Unstimmigkeit über Abrisspläne

In sicherer Entfernung zum Gebäude erläuterte die Lehrerin: "Mein Haus steht dort drüben. Das graue Gebäude neben dem roten unter der Brücke. Ich fühle Schmerz und Wut. Ich habe das Haus so sehr geliebt. Das es noch steht, aber abgerissen wird, kann ich gedanklich nicht akzeptieren."

Ein Handy- Video ihres Mannes - aufgenommen drei Tage nach dem Unglück - verdeutlicht, wie dicht ihr Haus an der Brücke steht.

Euronews-Korrespondentin Giorgia Orlandi erklärt das Sperrgebiet vor Ort: "Die sogenannte Rote Zone ist als Hochsicherheitsbereich ausgewiesen und erstreckt sich von der östlichen zur westlichen Seite der Morandi-Brücke. Rund dreihundert hier lebende Familien mussten ihr Zuhause zwangsweise verlassen. Der Genueser Bürgermeister hat als Chef des Rekonstruktionskomitees den Abriss innerhalb der nächsten Tage angekündigt. Er will zu seinem Versprechen stehen, bereits im kommenden Jahr eine neue Brücke fertigzustellen. Die Ermittler in dem Fall, die immer noch vor Ort an der Beweissicherung arbeiten, haben allerdings schon mehr Zeit gefordert."

Der für das Tagesgeschäft in Genua zuständige Vize-Bürgermeister Stefano Balleari hingegen erklärte den Abriss und den Brückenneubau zum gegenwärtig wichtigsten Ziel: "Ich hoffe, dass der Aufbau der neuen Brücke noch vor März beginnen kann. Die Konstruktion muss schneller gehen."

Abstecher zum Abschluss

Die betroffenen Anwohner hatten nur drei Mal Gelegenheit zu kurzen Besuchen in ihren alten Räumlichkeiten, um zu retten, was ihnen lieb und teuer ist.  Iris Bonacci: "Ich habe Broschüren mitgenommen, die mich an meine Heimat Kalabrien erinnern.
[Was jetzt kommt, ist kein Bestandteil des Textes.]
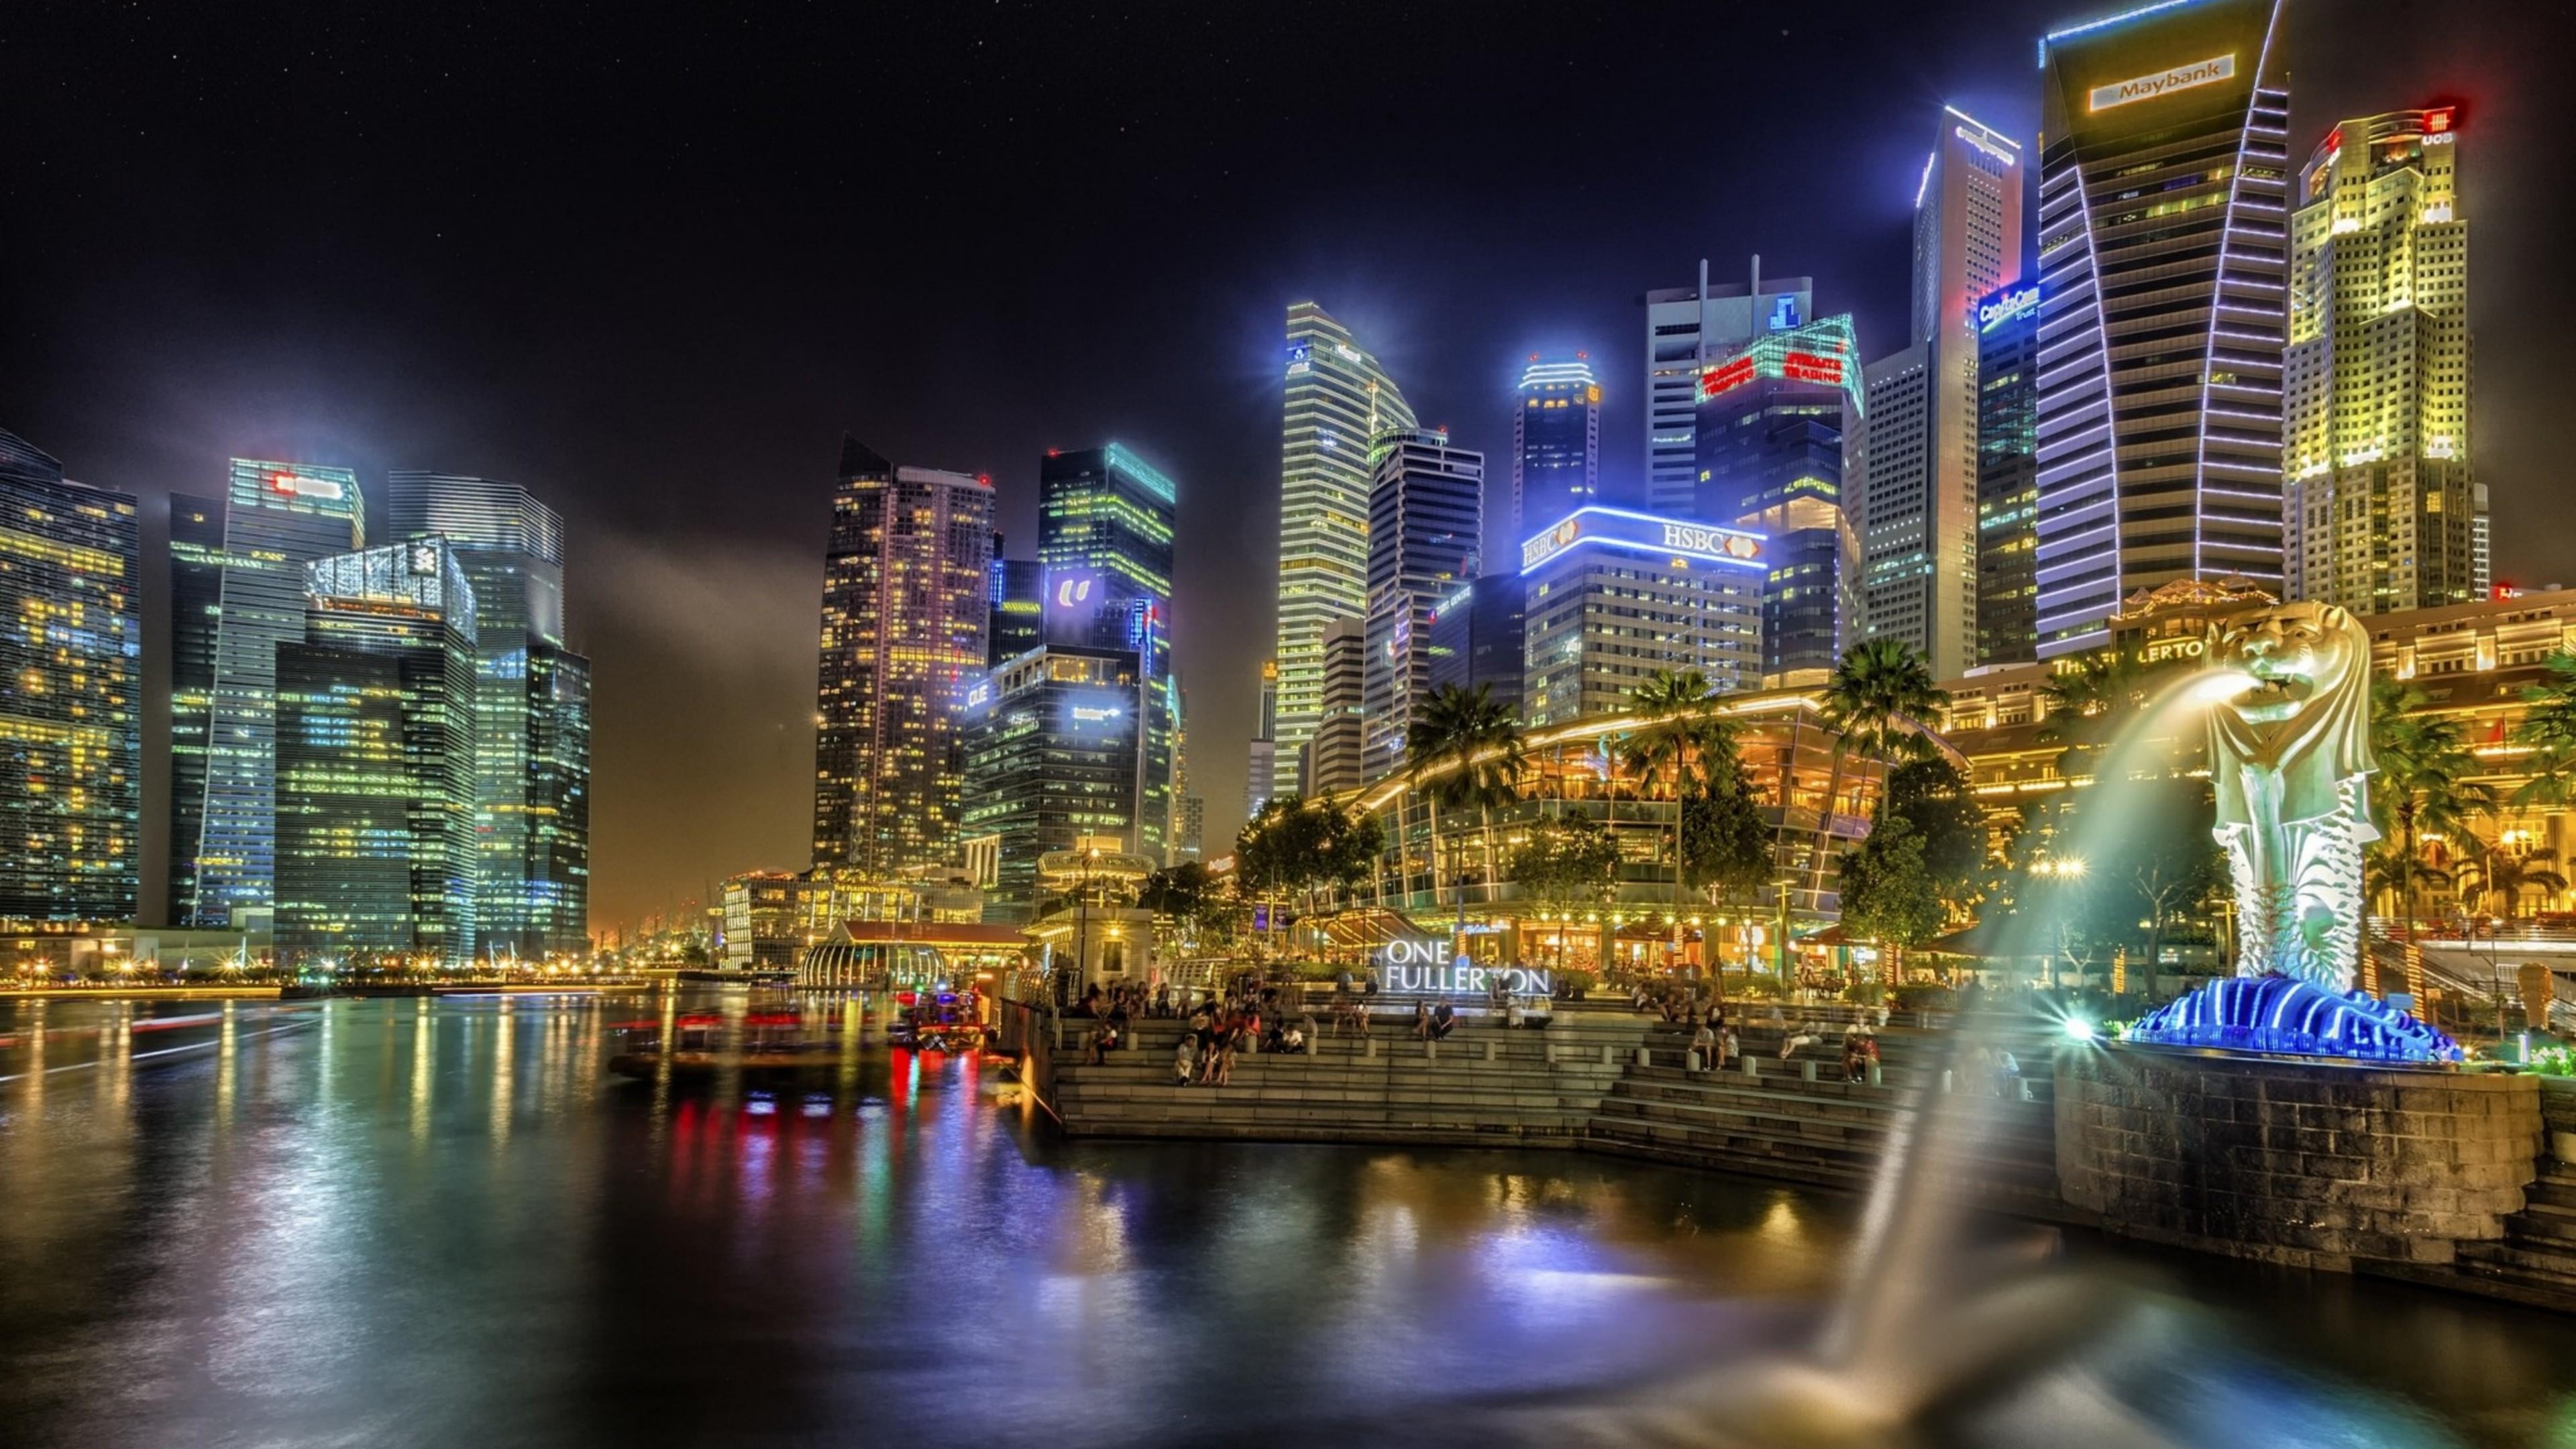 Merlion Park at night, Singapore wallpaper
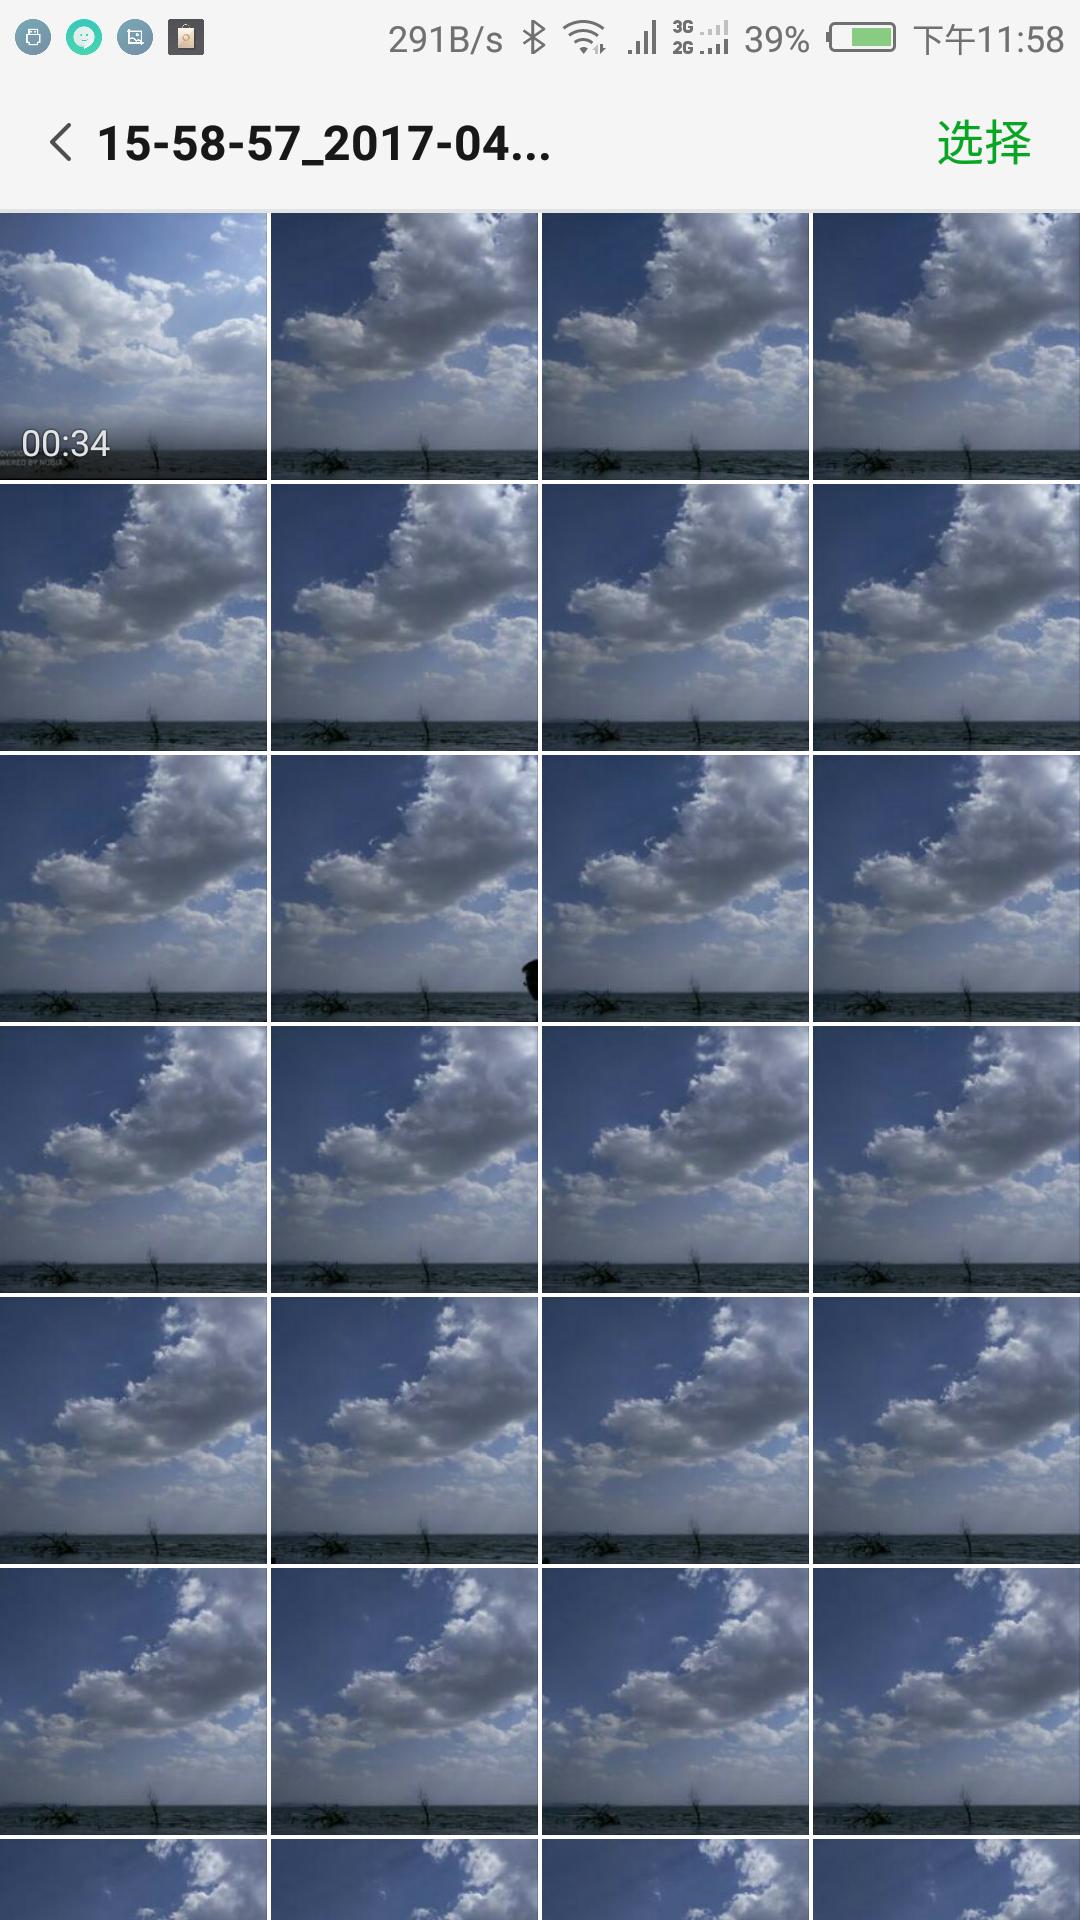 Screenshot_2017-05-07-23-58-33.png

Wir alle haben einige merkwürdige Dinge an uns gerafft. Mein Psychologe meinte, um damit am alten Leben festzuhalten. Wenn man das Räumungsschreiben schwarz auf weiß in der Hand hält, dämmert es einem. Dann wird man allmählich klarer im Kopf, und am Ende habe ich realisiert, dass ein Teil meines Lebens vorüber ist."

Den Verlust des Zuhauses vor Augen, lässt Iris Bonacci trotzdem auch ein weiterer Gedanke nicht los - das tödliche Schicksal von 43 Menschen in ihrer direkten Nachbarschaft.